0.60/0.82	  composition(join(top, one), zero)
0.60/0.82	= { by lemma 44 }
0.60/0.82	  composition(join(converse(top), one), zero)
0.60/0.82	= { by lemma 16 }
0.60/0.82	  composition(join(converse(top), one), complement(top))
0.60/0.82	= { by lemma 45 }
0.60/0.82	  join(complement(top), composition(converse(top), complement(top)))
0.60/0.82	= { by lemma 41 }
0.60/0.82	  join(complement(top), composition(converse(top), complement(join(top, composition(top, top)))))
0.60/0.82	= { by lemma 45 }
0.60/0.82	  join(complement(top), composition(converse(top), complement(composition(join(top, one), top))))
0.60/0.82	= { by lemma 41 }
0.60/0.82	  join(complement(top), composition(converse(top), complement(composition(top, top))))
0.60/0.82	= { by lemma 20 }
0.60/0.82	  complement(top)
0.60/0.82	= { by lemma 16 }
0.60/0.82	  zero
0.60/0.82	
0.60/0.82	Lemma 47: composition(X, zero) = zero.
0.60/0.82	Proof:
0.60/0.82	  composition(X, zero)
0.60/0.82	= { by lemma 34 }
0.60/0.82	  join(zero, composition(X, zero))

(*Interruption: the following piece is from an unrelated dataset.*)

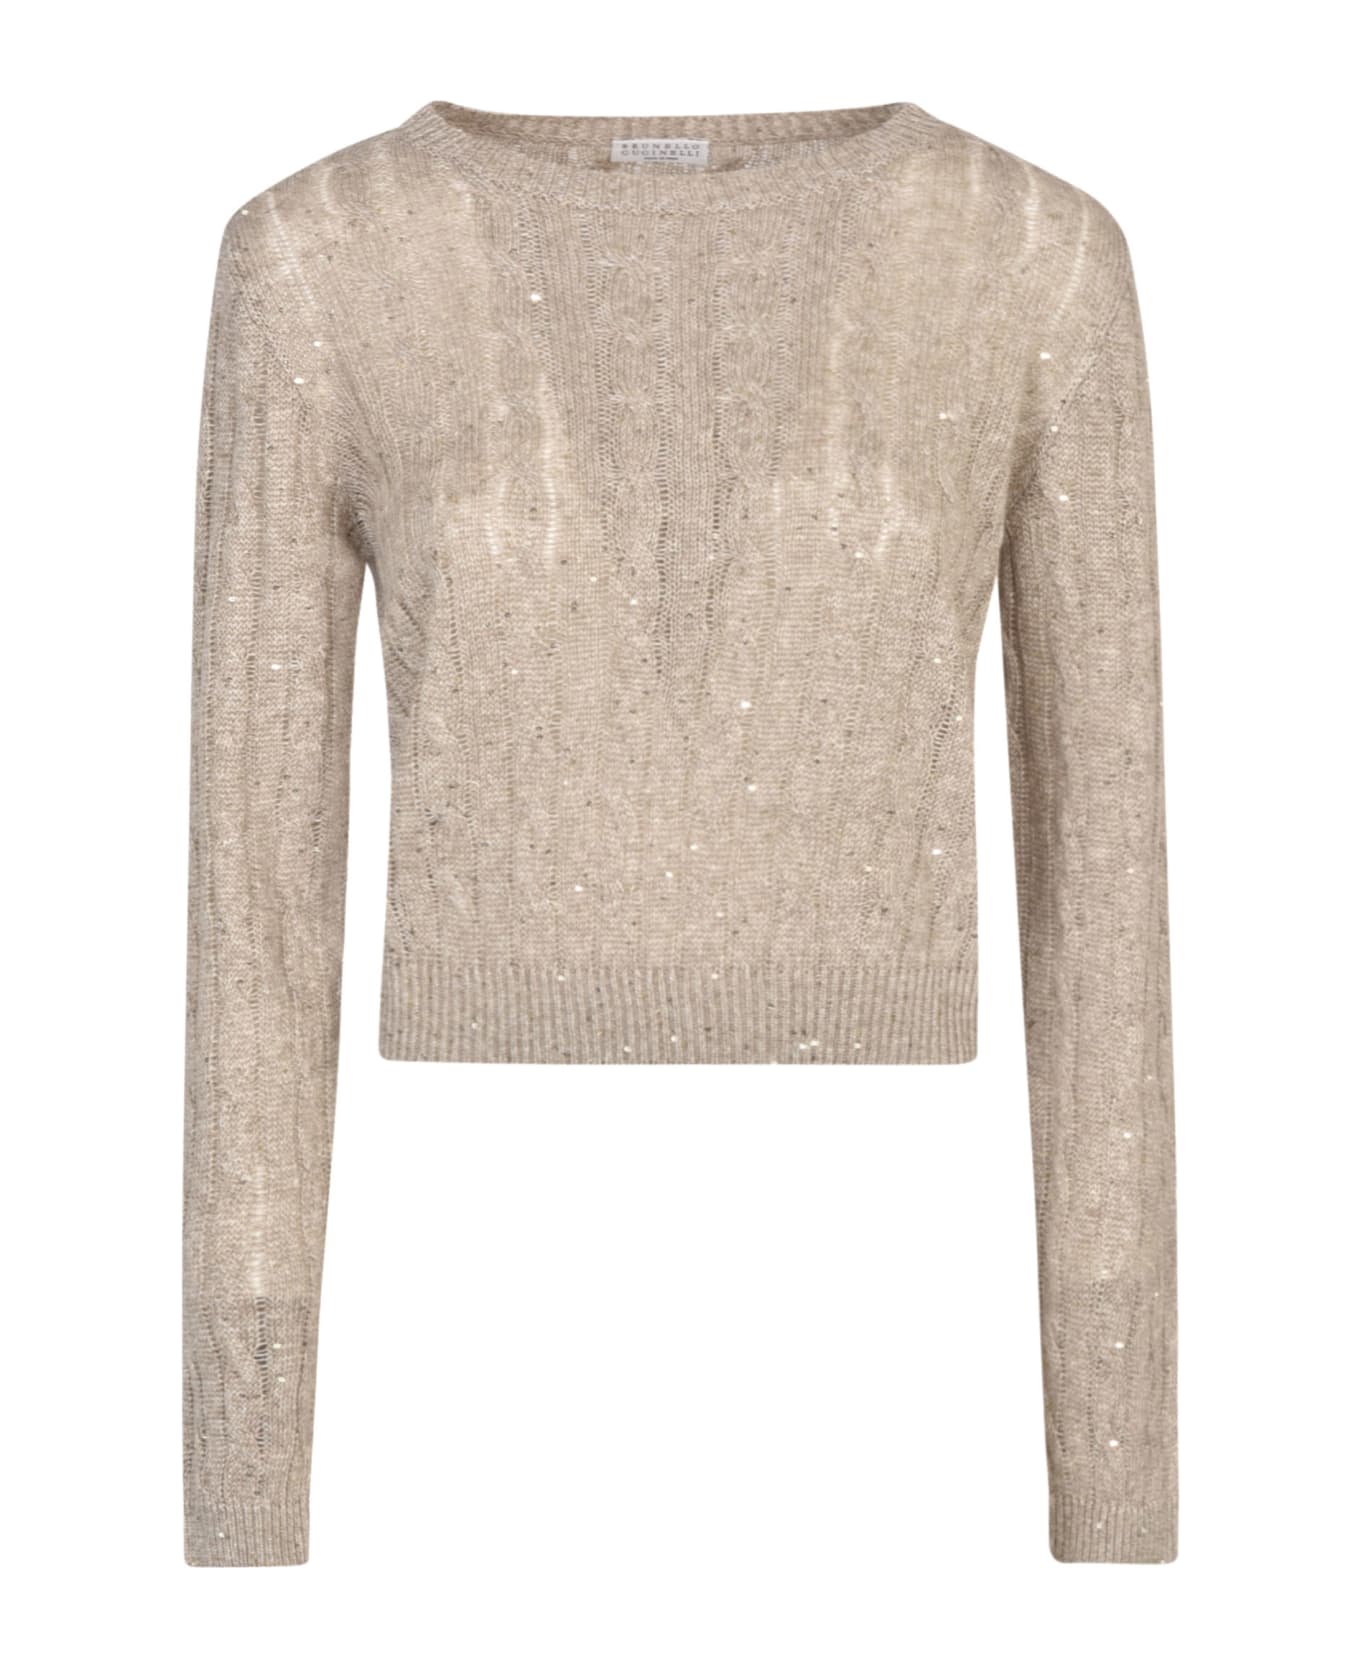 Brunello Cucinelli Micro Sequins Embellished Cable Knit Sweater - Beige

0.60/0.82	= { by lemma 46 }
0.60/0.82	  join(composition(top, zero), composition(X, zero))
0.60/0.82	= { by axiom 13 (composition_distributivity_7) }
0.60/0.82	  composition(join(top, X), zero)

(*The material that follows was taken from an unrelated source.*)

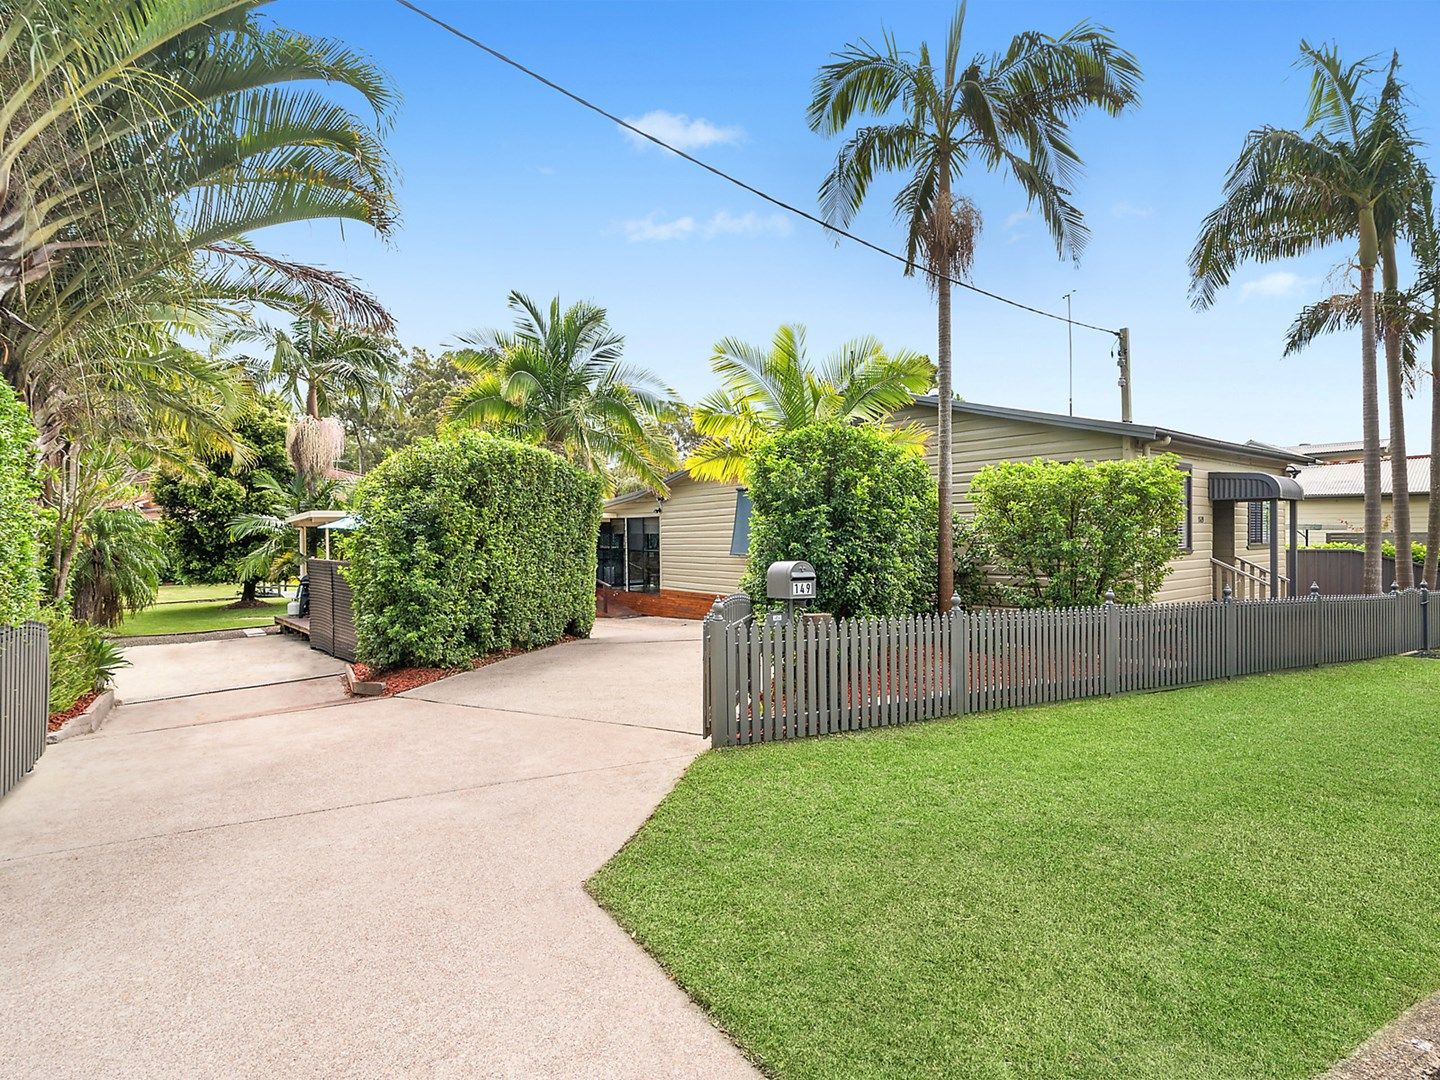 149 Marmong Street, Marmong Point NSW 2284, Image 0

0.60/0.82	= { by lemma 41 }
0.60/0.82	  composition(top, zero)
0.60/0.82	= { by lemma 46 }
0.60/0.82	  zero
0.60/0.82	
0.60/0.82	Lemma 48: composition(converse(X), complement(composition(X, top))) = zero.
0.60/0.82	Proof:
0.60/0.82	  composition(converse(X), complement(composition(X, top)))
0.60/0.82	= { by lemma 34 }
0.60/0.82	  join(zero, composition(converse(X), complement(composition(X, top))))
0.60/0.82	= { by lemma 16 }
0.60/0.82	  join(complement(top), composition(converse(X), complement(composition(X, top))))
0.60/0.82	= { by lemma 20 }
0.60/0.82	  complement(top)
0.60/0.82	= { by lemma 16 }
0.60/0.82	  zero
0.60/0.82	
0.60/0.82	Lemma 49: join(meet(Y, X), meet(X, complement(Y))) = X.
0.60/0.82	Proof:
0.60/0.82	  join(meet(Y, X), meet(X, complement(Y)))
0.60/0.82	= { by lemma 15 }
0.60/0.82	  join(meet(X, Y), meet(X, complement(Y)))
0.60/0.82	= { by lemma 28 }
0.60/0.82	  X
0.60/0.82	
0.60/0.82	Lemma 50: complement(join(X, composition(X, top))) = complement(composition(X, top)).
0.60/0.82	Proof:
0.60/0.82	  complement(join(X, composition(X, top)))
0.60/0.82	= { by axiom 1 (maddux1_join_commutativity_1) }
0.60/0.82	  complement(join(composition(X, top), X))
0.60/0.82	= { by axiom 1 (maddux1_join_commutativity_1) }
0.60/0.82	  complement(join(X, composition(X, top)))
0.60/0.82	= { by lemma 35 }
0.60/0.82	  complement(join(X, meet(composition(X, top), top)))
0.60/0.82	= { by lemma 17 }
0.60/0.82	  complement(join(X, complement(join(zero, complement(composition(X, top))))))
0.60/0.82	= { by lemma 36 }
0.60/0.82	  complement(join(X, meet(complement(join(zero, complement(composition(X, top)))), complement(join(zero, complement(composition(X, top)))))))
0.60/0.82	= { by lemma 32 }
0.60/0.82	  complement(join(complement(join(zero, complement(composition(X, top)))), meet(X, X)))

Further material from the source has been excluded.